# bay state fertilizer



## iowa jim (Jan 22, 2018)

Its possible that it could be coming to Lowes, my source is from ATY and they were saying that carl might be doing a trial run of it. Would be nice to give miloganite a little competition.


----------



## SpiveyJr (Jun 7, 2018)

I would welcome that and would definitely give it a try. I noticed Milorganite listed on HD and Lowe's website is $15 a bag which is more than it was last year. I suspect that's because of the higher demand and supply shortage this past season?


----------



## jdc_lawnguy (Oct 30, 2018)

Would like to see it. Getting your hands on it when they have it and is bagged takes a bit of work. Would just hate to see the price skyrocket.


----------



## MassHole (Jun 27, 2018)

Price is great, but those bags suck...


----------



## Green (Dec 24, 2017)

All hypothetical right now, but if they do, I would hope:

1.) They do it outside Massachsetts also eventually.

and

2.) Price is based on distance/transportation cost, as with Milorganite. There's really no reason that MA should pay $8 per bag and CT $16/bag for instance, when it's so close.

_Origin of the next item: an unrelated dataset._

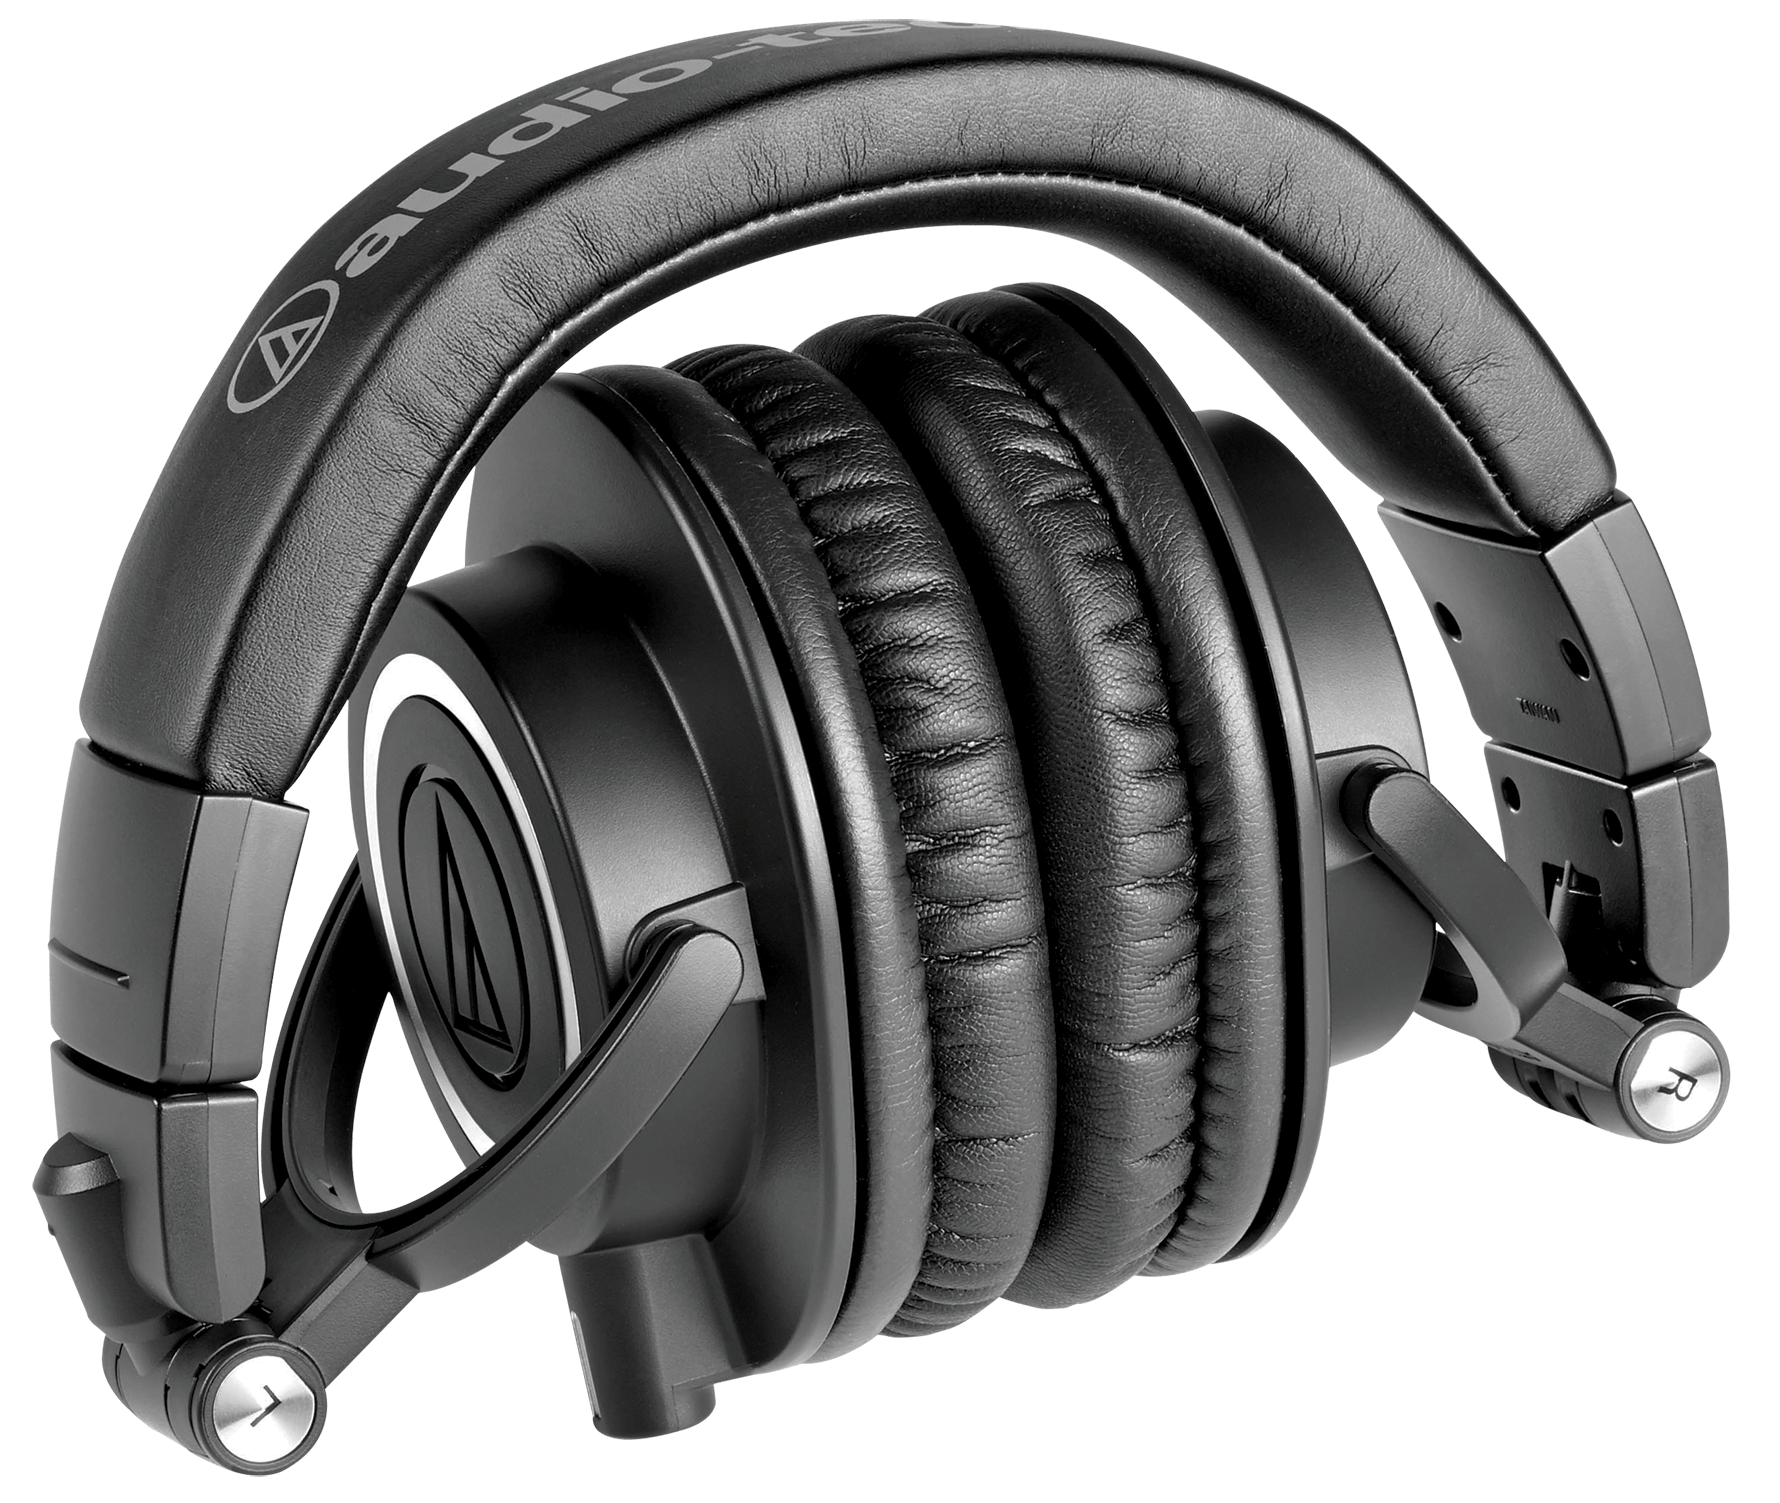 Audio-Technica ATH-M50X Headphones Collapsed

We are getting killed with Milorganite prices on the East coast, because it costs so much to transport it from Milwaukee.


----------



## FuzzeWuzze (Aug 25, 2017)

Green said:


> All hypothetical right now, but if they do, I would hope:
> 
> 1.) They do it outside Massachsetts also eventually.
> 
> ...


You'd think with all the hipsters/hippies out here someone would start doing it in Oregon but no, im stuck paying $16 a bag for Milo 

I did find that some processing of bio solids is being done, but its only sold to farmers presumably by the tanker truck load.


----------



## silvercymbal (Sep 17, 2018)

Wow this stuff is listed as $3.50 a bag with local pickup? Wow that is cheap.


----------



## Scagfreedom48z+ (Oct 6, 2018)

silvercymbal said:


> Wow this stuff is listed as $3.50 a bag with local pickup? Wow that is cheap.


Purchased a pallet(1 ton) of it last year for $160. The NPK is lower than the new milo NPK mixture so you have to really open up the spreader full blast. Much better than buying a bag of milo at 4-5 times the price per bag.


----------



## silvercymbal (Sep 17, 2018)

Scagfreedom48z+ said:


> silvercymbal said:
> 
> 
> > Wow this stuff is listed as $3.50 a bag with local pickup? Wow that is cheap.
> ...


$160 is short money for that much even if the NPK is low the organic component would be a very nice plus. Very interesting1


----------